8 октября Петербургское ГЖУ информировало Департамент полиции о завершении переписки, а 5 декабря министр внутренних дел А. Макаров утвердил решение особого совещания МВД. Правда, в Министерстве внутренних дел учли шаткость обвинений, выдвинутых против Джугашвили, и не пошли на крайность. Тем не менее решение гласило: «Подчинить Джугашвили гласному надзору полиции в избранном им месте жительства, кроме столиц и столичных губерний, на три года, считая с 5 декабря 1911 г.».
Для Иосифа это означало крушение надежд на возвращение к легальному образу жизни. Конечно, он уже устал от такого положения, но с этого момента вплоть до Октябрьской революции власти не оставили ему иной возможности, кроме выбора – либо гнить в ссылке, либо жить на нелегальных условиях. Местом ссылки он избрал Вологду.
Но, получив проходное свидетельство «на свободный проезд из г. С.-Петербурга в гор. Вологду», он не стал спешить на царские хлеба. Выпущенный из петербургской тюрьмы, он задержался в городе, укрывшись на Петербургской стороне, на квартире Цымлаковых. Здесь, в стоявшем во дворе деревянном домике с застекленной мансардой, «в полухолодной комнате» его отыскали Сурен Спандарян и Вера Швейцер.
Он не спешил с возвращением в ссылку не из желания пожить в столице. И не испытывал растерянности. Хорошо понимая, что от предстоявшей конференции в Праге многое зависит в дальнейшей судьбе партии, Джугашвили воспользовался возможностью повлиять на будущие решения. И вскоре на квартире Швейцер прошло узкое совещание отъезжавших на конференцию делегатов. Необходимо было определить общую позицию, отражавшую не абстрактные взгляды оторванных от действительности эмигрантов, а произвести крутую ломку тактики партии,
Тон совещанию задали присутствовавшие на нем «бакинцы»: Джугашвили, Спандарян, Орджоникидзе. Между ними не было разногласий, они давно определили общую линию. И, забегая вперед, подчеркнем, что Серго Орджоникидзе выступил в Праге с первым докладом, а итогом конференции стали решения, в основу которых практически легли предложения, высказанные в статье Иосифа Джугашвили «Партийный кризис и наши задачи».
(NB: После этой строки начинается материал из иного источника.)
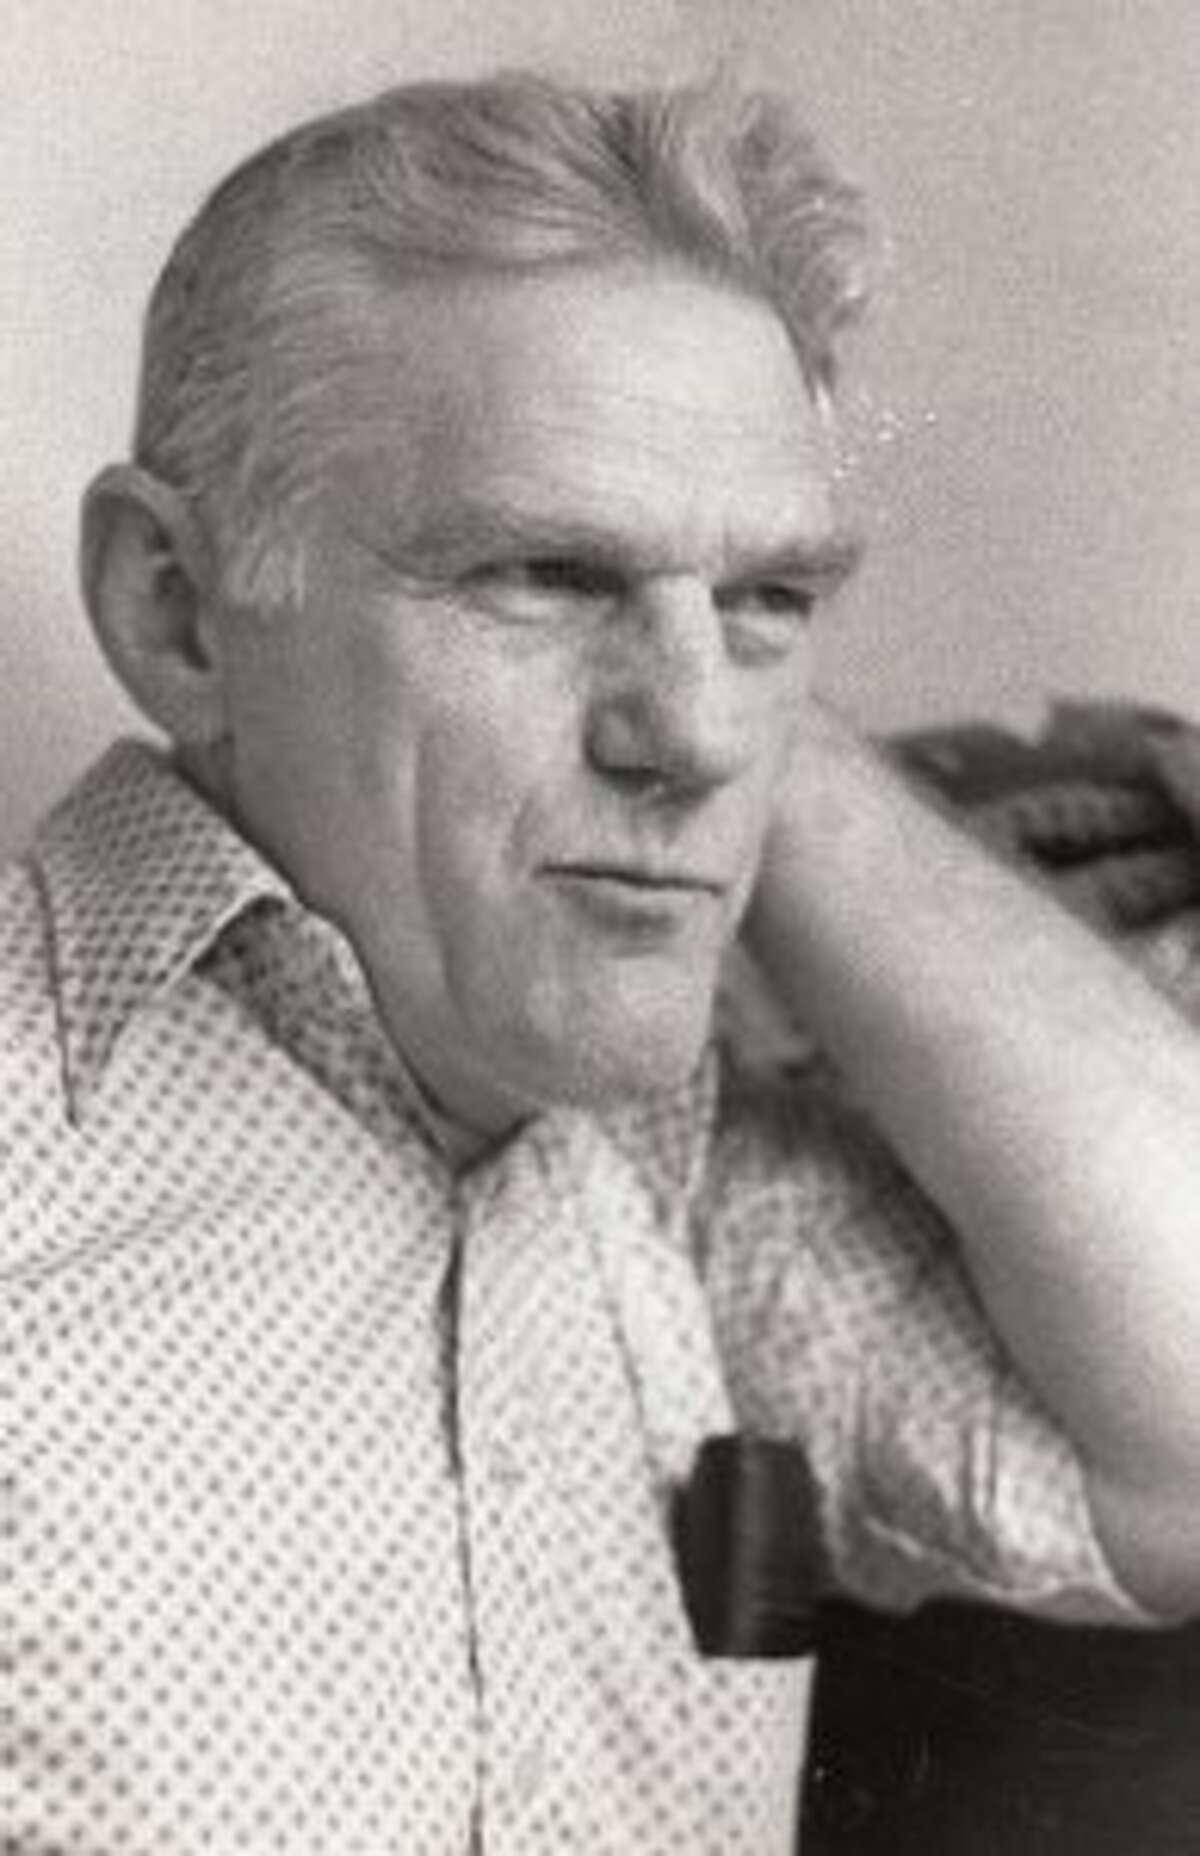 Robert Peter Adams

В Вологду Иосиф Джугашвили прибыл 24 декабря. Снова бесправное положение ссыльного. Но он не намерен облегчать работу полицейским шпикам, и за короткий срок меняет три места жительства. Сначала он остановился в доме 27 на Золотушной набережной, где проживал по 7 февраля 1912 года, затем по 15 февраля жил в доме Константиновой – угол Пятницкой и Обуховской улиц, откуда 16 февраля перебрался в дом Горелова по Леонтьевскому ручью, д. № 7.
Сразу после прибытия он навестил Петра Чижикова. В отправленной в этот же день невесте Петра в Тотьму открытое с изображением родившейся из морской пены греческой богини любви и красоты Афродиты, он шутливо написал: «Ну-с, «скверная» Поля, я в Вологде и целуюсь с «дорогим» «Петенькой». Сидим за столом и пьем за здоровье «умной» Поли. Выпейте же и вы за здоровье известного Вам «чудака» Иосифа».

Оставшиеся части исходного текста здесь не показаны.